Next Greater Element Using Stack

Given an integer array A, return the next greater element for every element in A. The next greater element for an element x is the first element greater than x that we come across while traversing the array in a clockwise manner. If it doesn't exist, return -1 for this element.

Input: arr = [1, 3, 2, 4]
Output: [3, 4, 4, -1]

Input : arr = [6, 8, 0, 1, 3]
Output: [8, -1, 1, 3, -1]

Approach 1 (Brute Force)

• linear search with start idx
• find next greater element for every idx

def next_greater_element(nums):
    n = len(nums)

    def linear_search(start):
        for i in range(start+1,n):
            if nums[i] > nums[start]:
                return nums[i]
        return -1

    result = [-1] * n

    for i in range(n):
        result[i] = linear_search(i)


    return result

print(next_greater_element([1, 3, 2, 4]))
print(next_greater_element([6, 8, 0, 1, 3]))

[3, 4, 4, -1]
[8, -1, 1, 3, -1]

Complexity Analysis

• N = len(nums)

• O(N^2)

• O(N)

Approach 2 (Using stack)

• backward traversal
• maintain strictly decreasing order from bottom to top
• when we encounter an element , we eleminate all the smaller elements from stack as they can never be next greater element
• stack always contains elements which are stricyly decreasing from bottom to top
• each element is pushed and popped exactly once , it gives O(N) complexity

def next_greater_element(nums):
    n = len(nums)
    result = [-1] * n

    stack = []

    for i in range(n-1,-1,-1):
        # eliminate all smaller elements from stack
        while stack and stack[-1] <= nums[i]:
            stack.pop()

        result[i] = -1 if not stack else stack[-1]
        stack.append(nums[i])

    return result

    

print(next_greater_element([1, 3, 2, 4]))
print(next_greater_element([6, 8, 0, 1, 3]))

[3, 4, 4, -1]
[8, -1, 1, 3, -1]

Complexity

• N = len(nums)

• O(N)

• O(N)

Next Smaller Element

Given an array of integers arr, your task is to find the Next Smaller Element (NSE) for every element in the array. The Next Smaller Element for an element x is defined as the first element to the right of x that is smaller than x. If there is no smaller element to the right, then the NSE is -1.
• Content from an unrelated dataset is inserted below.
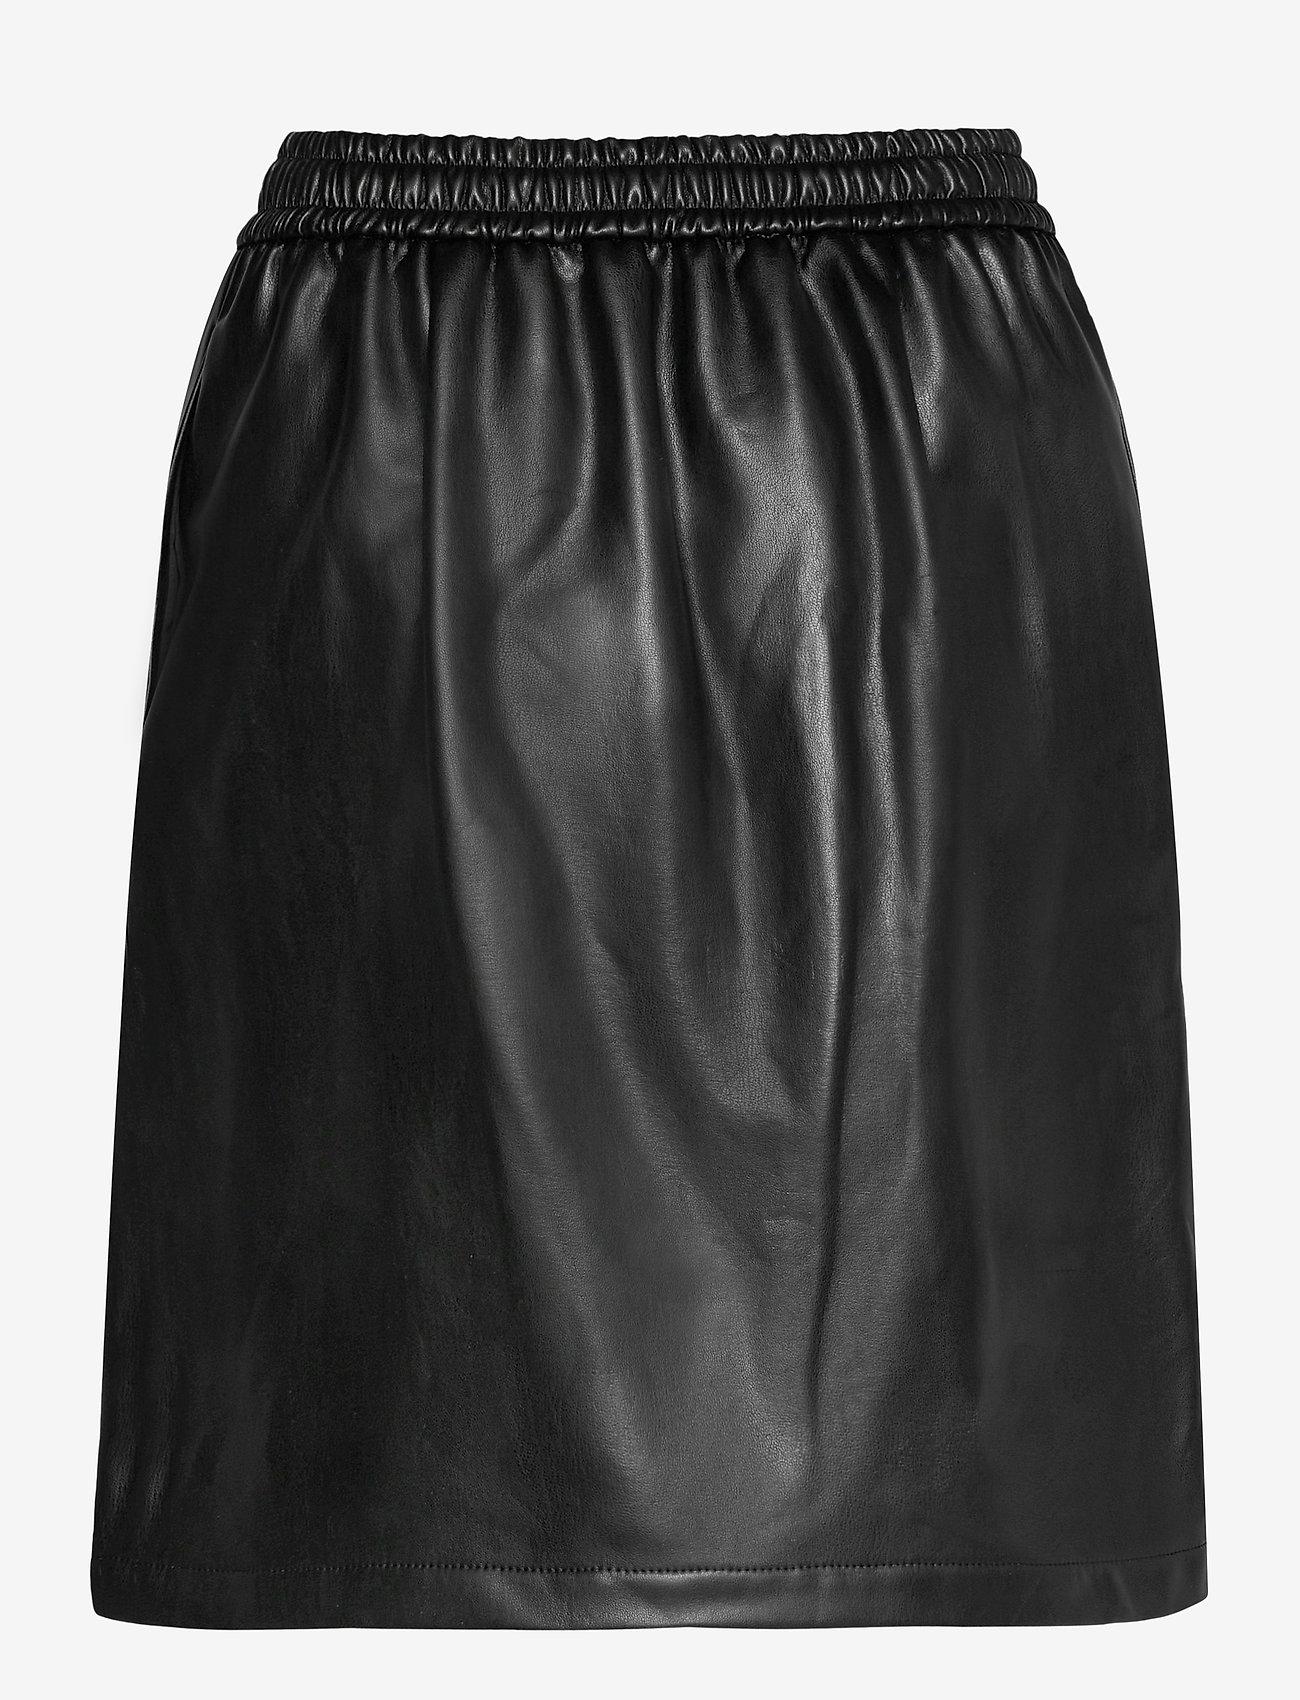 HUGO - Relani-1 - korta kjolar - black - 1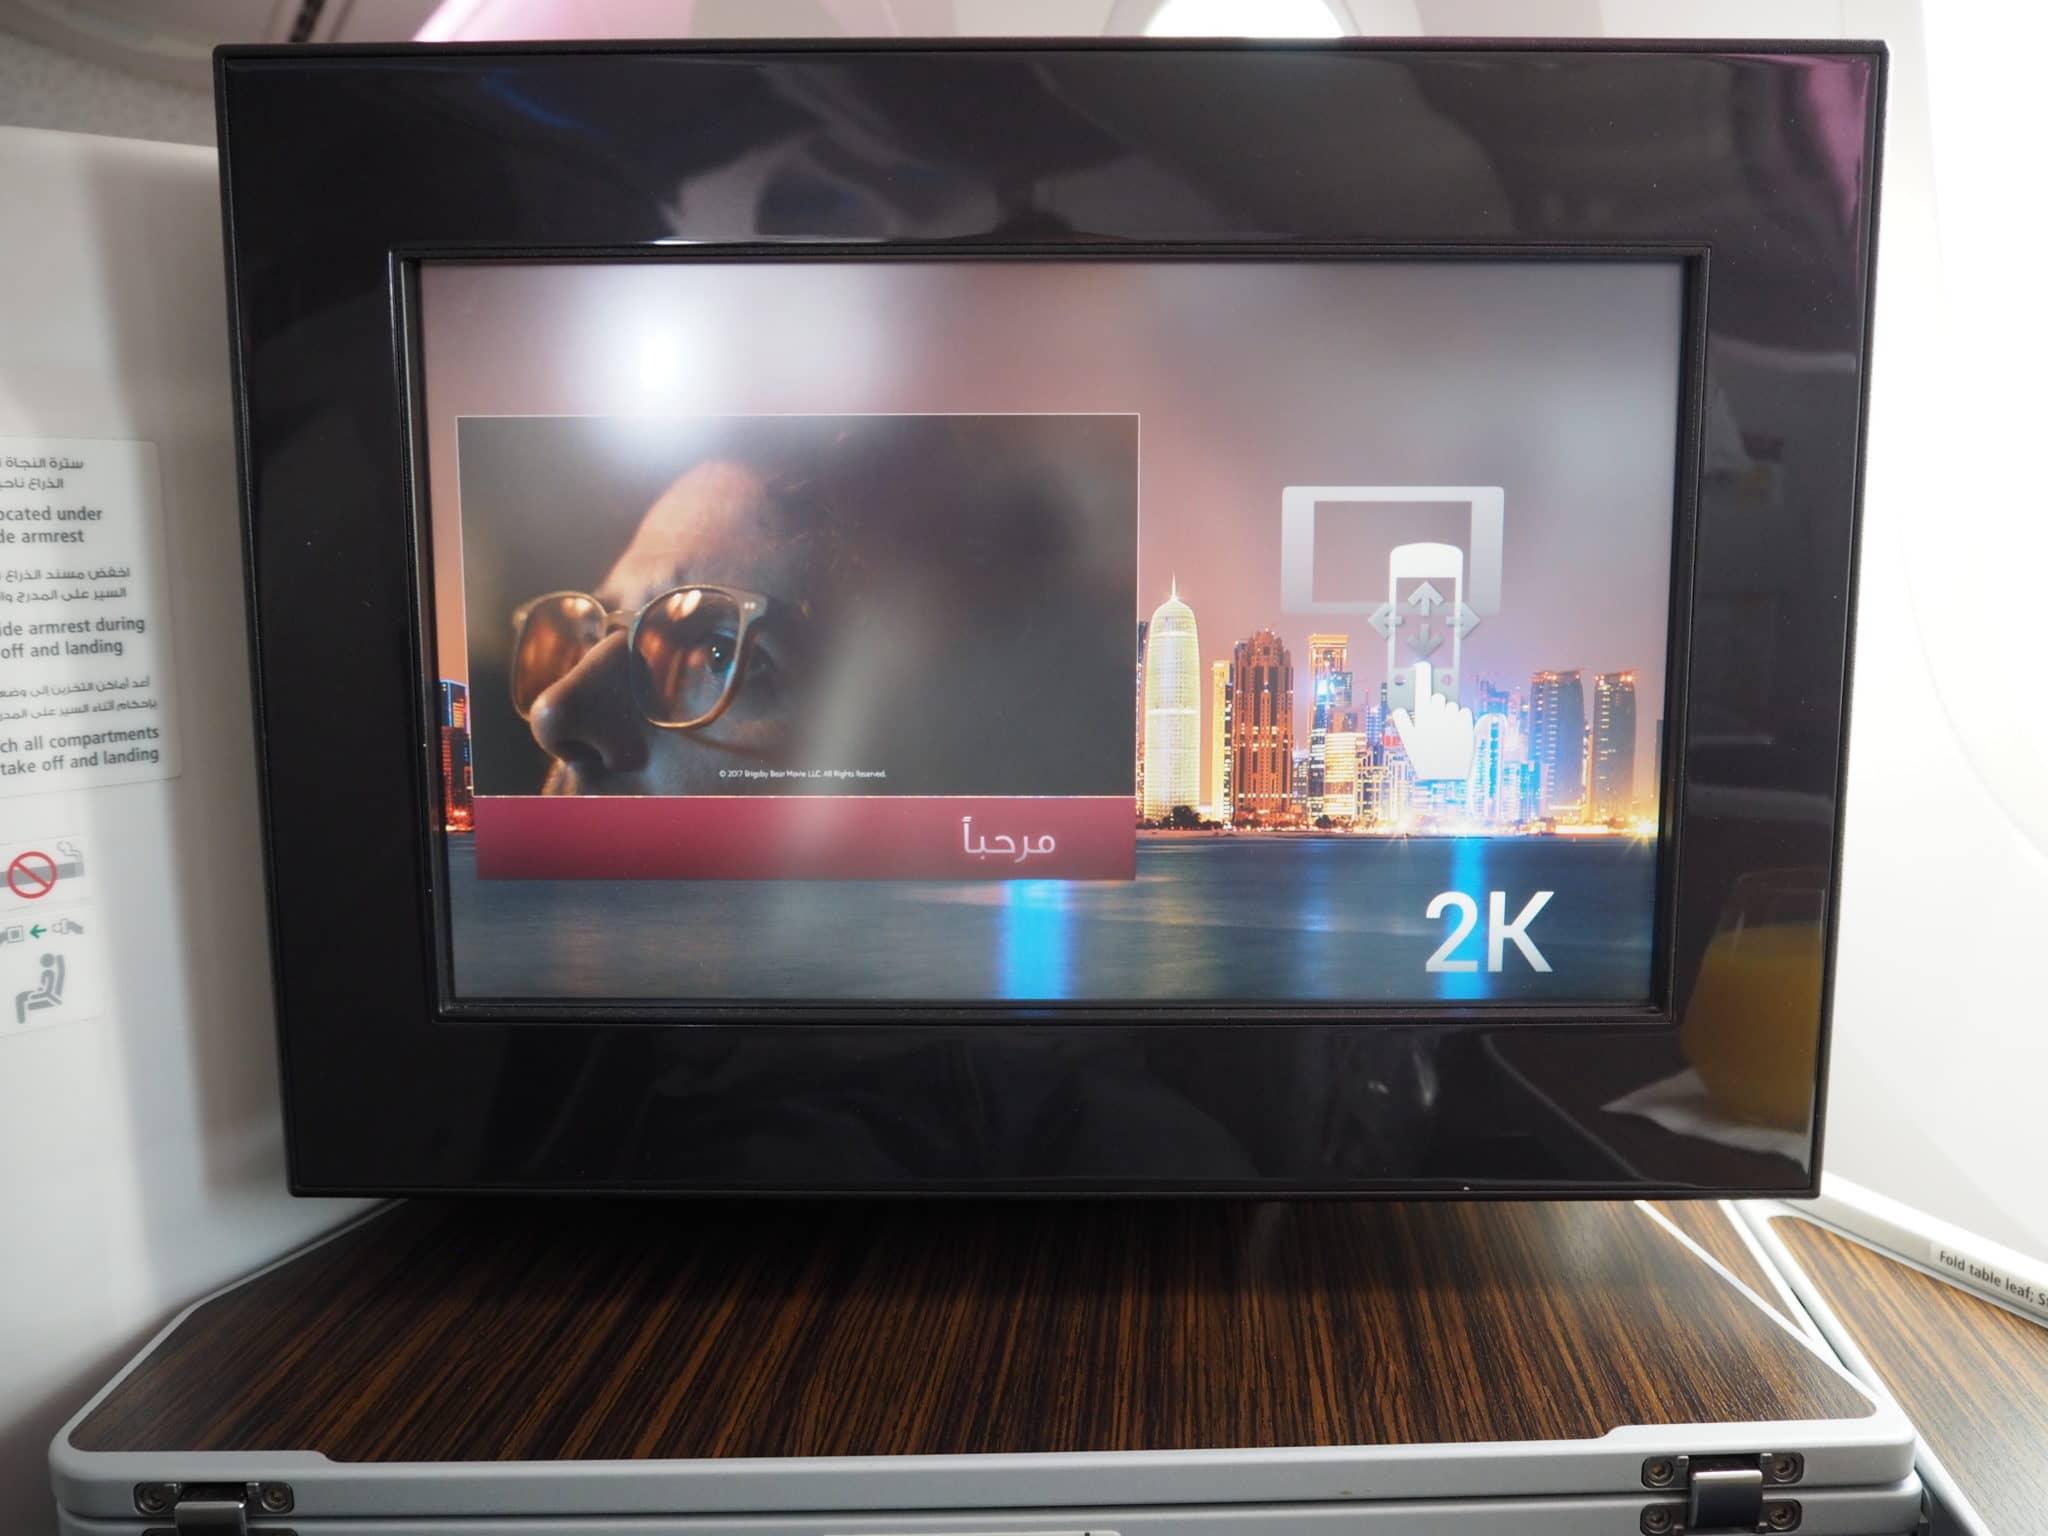 Qatar Airways Business Class Boeing 787-8 Monitor

Input: arr = [4, 8, 5, 2, 25]
Output: [2, 5, 2, -1, -1]

Input: arr = [10, 9, 8, 7]
Output: [9, 8, 7, -1]

Approach 1

• use backward navigation
• elimnate all the elemnts from stack which are greater than the encountered element

def next_smaller_element(nums):
    n = len(nums)
    stack = []
    result = [-1]* n


    for i in range(n-1,-1,-1):
        ## eliminate all the elements from stack which are greater than encountered element
        while stack and stack[-1] >= nums[i]:
            stack.pop()
        result[i] = -1 if not stack else stack[-1]
        stack.append(nums[i])

    return result

print(next_smaller_element([4, 8, 5, 2, 25]))
print(next_smaller_element([10, 9, 8, 7]))

[2, 5, 2, -1, -1]
[9, 8, 7, -1]

Complexity

• N = len(nums)

• O(N)

• O(N)